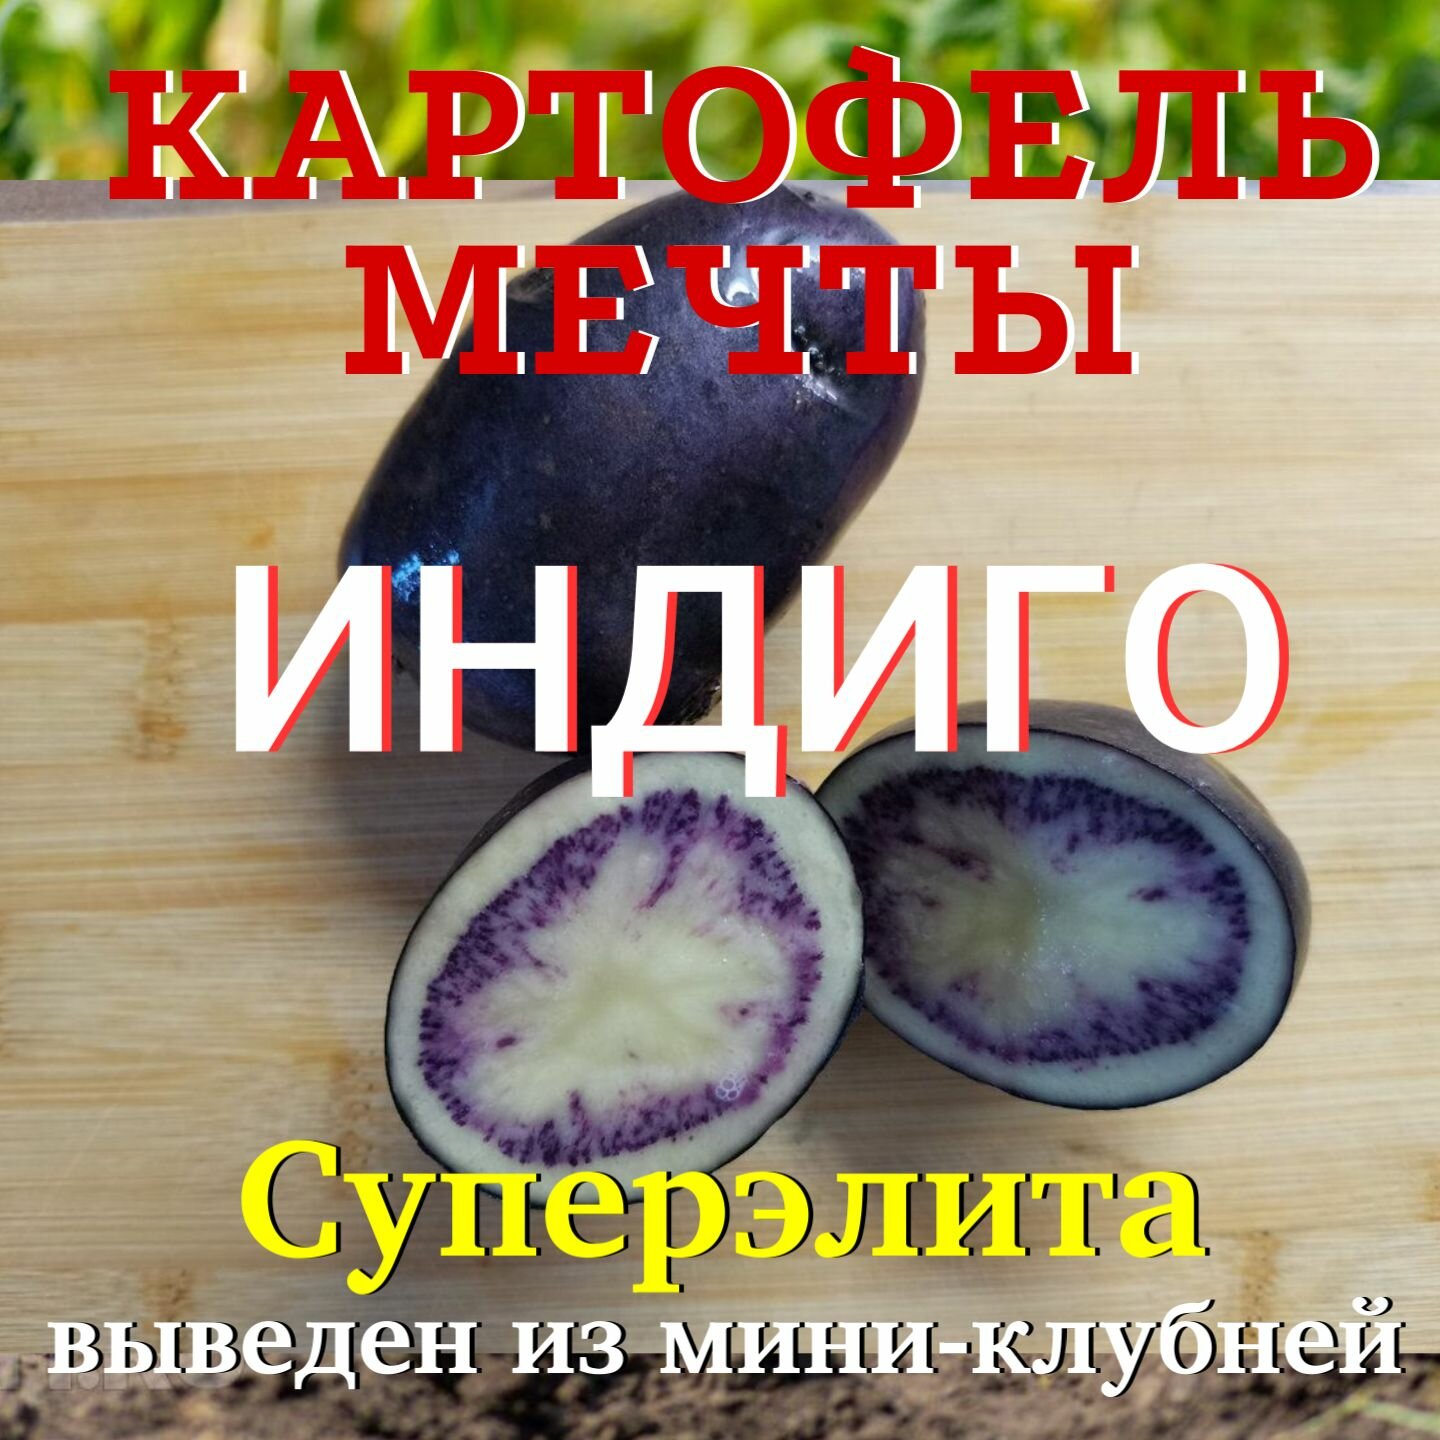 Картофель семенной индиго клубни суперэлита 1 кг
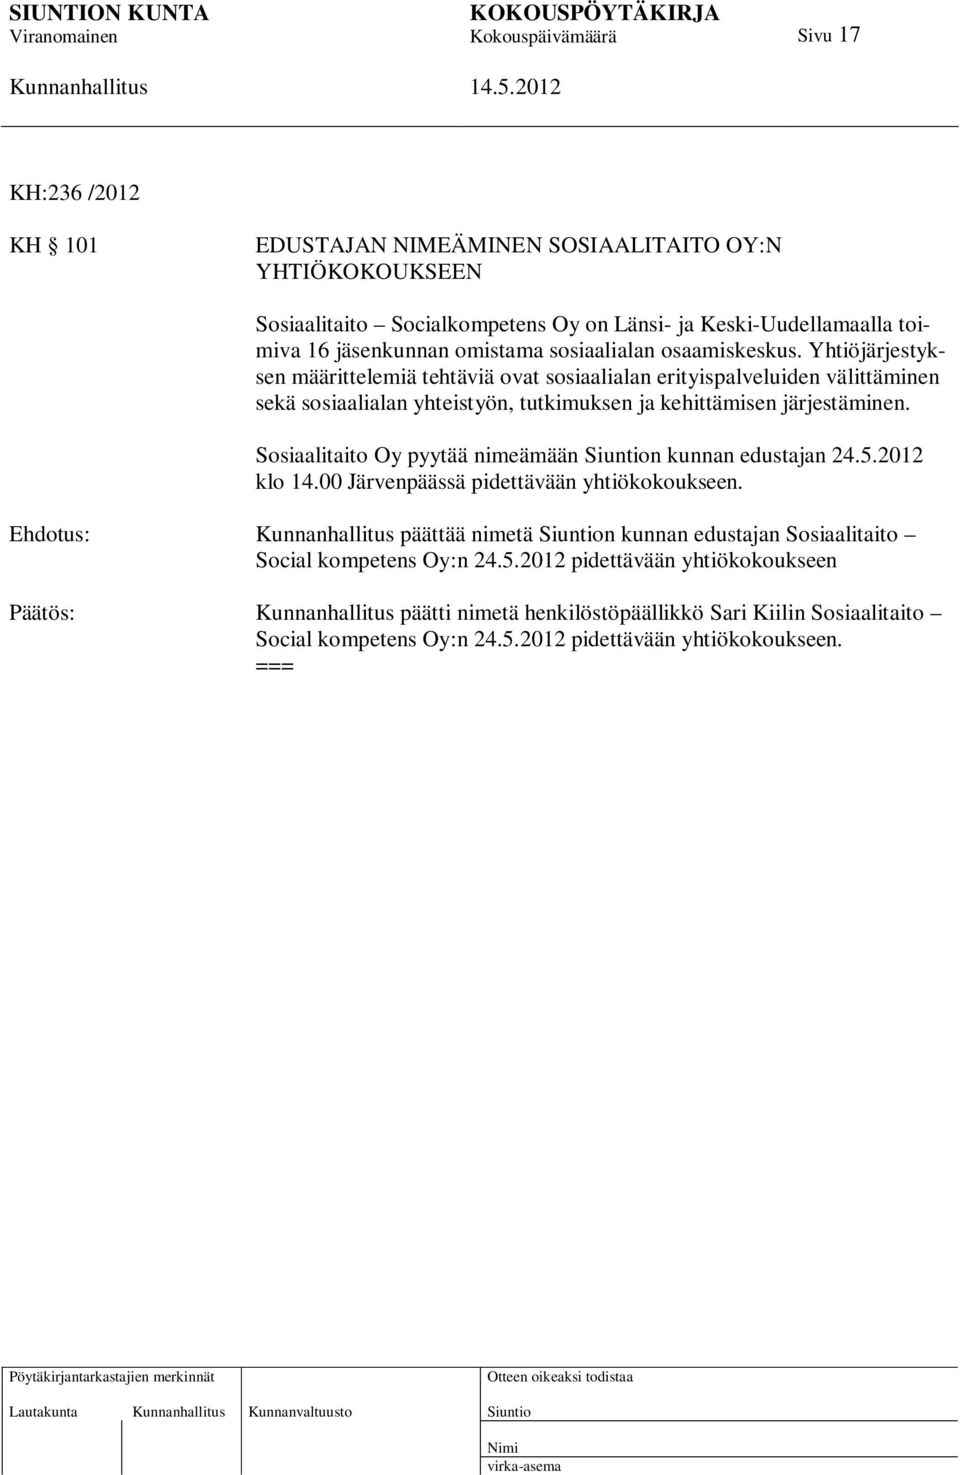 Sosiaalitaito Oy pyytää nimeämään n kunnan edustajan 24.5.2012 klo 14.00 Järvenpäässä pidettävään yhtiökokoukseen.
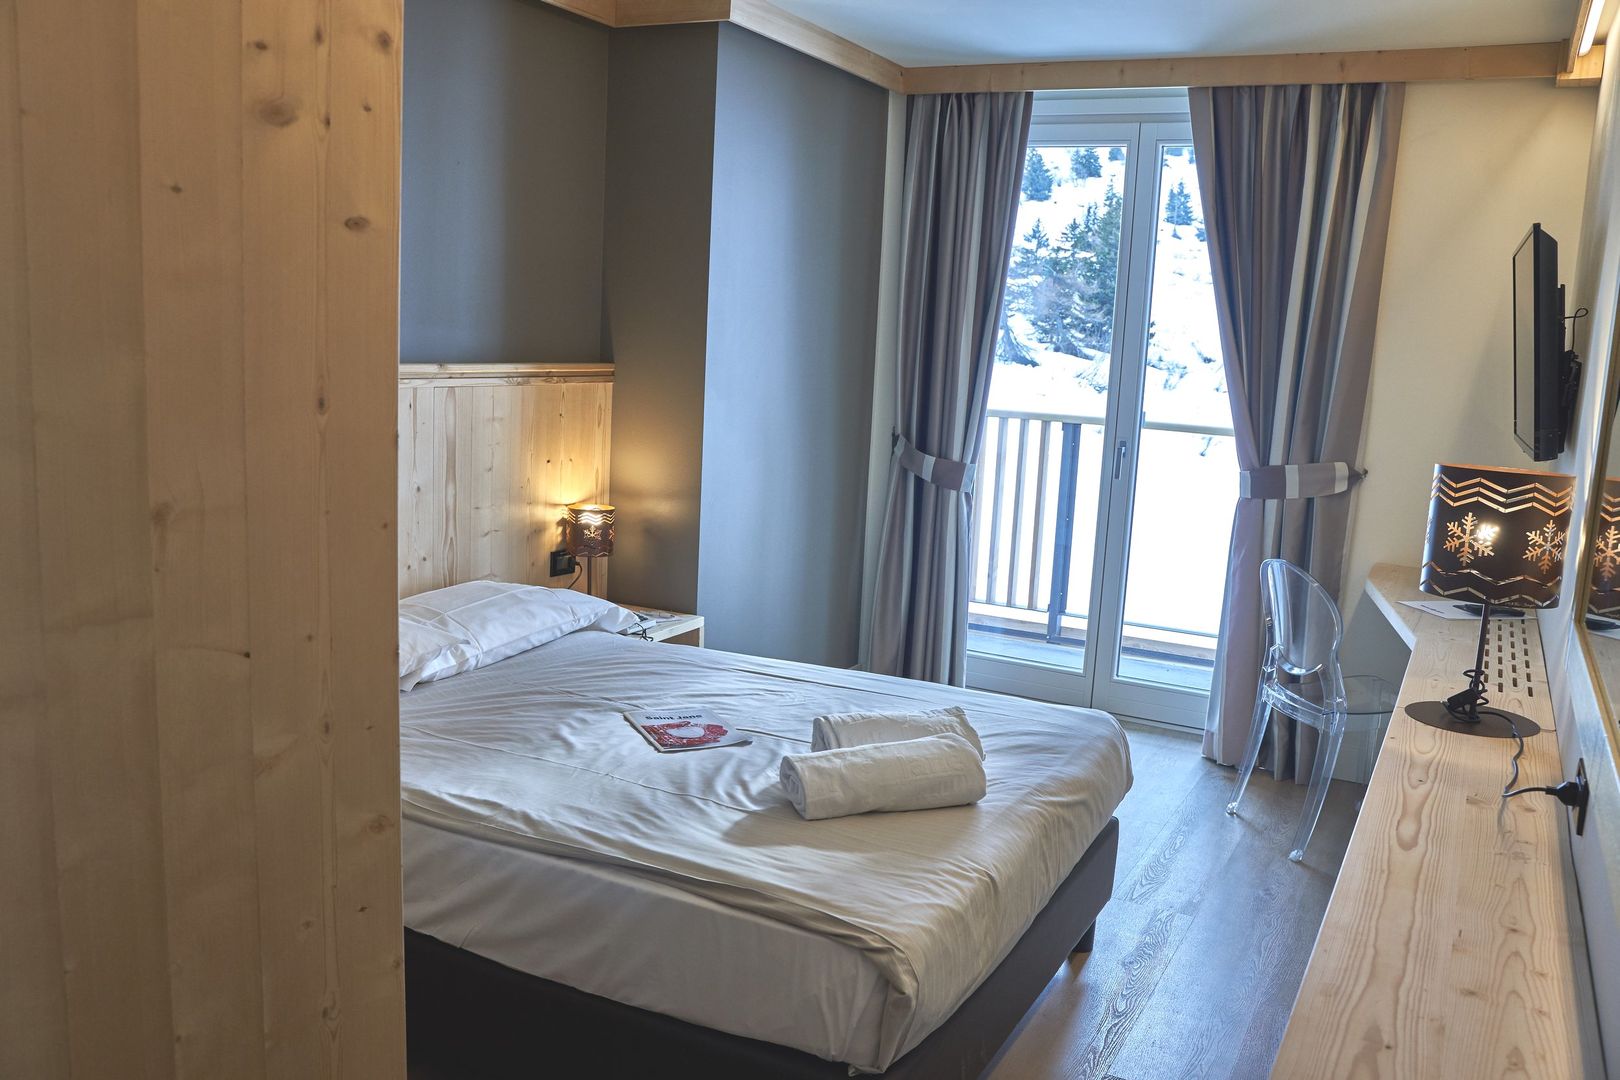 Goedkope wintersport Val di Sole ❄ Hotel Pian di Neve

▸ **PROMPT**
Reproduce every line of the material above, but drop the pictures.

▸ **ANSWER BOX**
 Картофель семенной индиго клубни суперэлита 1 кг
 Sosiaalitaito Oy pyytää nimeämään n kunnan edustajan 24.5.2012 klo 14.00 Järvenpäässä pidettävään yhtiökokoukseen.
 Goedkope wintersport Val di Sole ❄ Hotel Pian di Neve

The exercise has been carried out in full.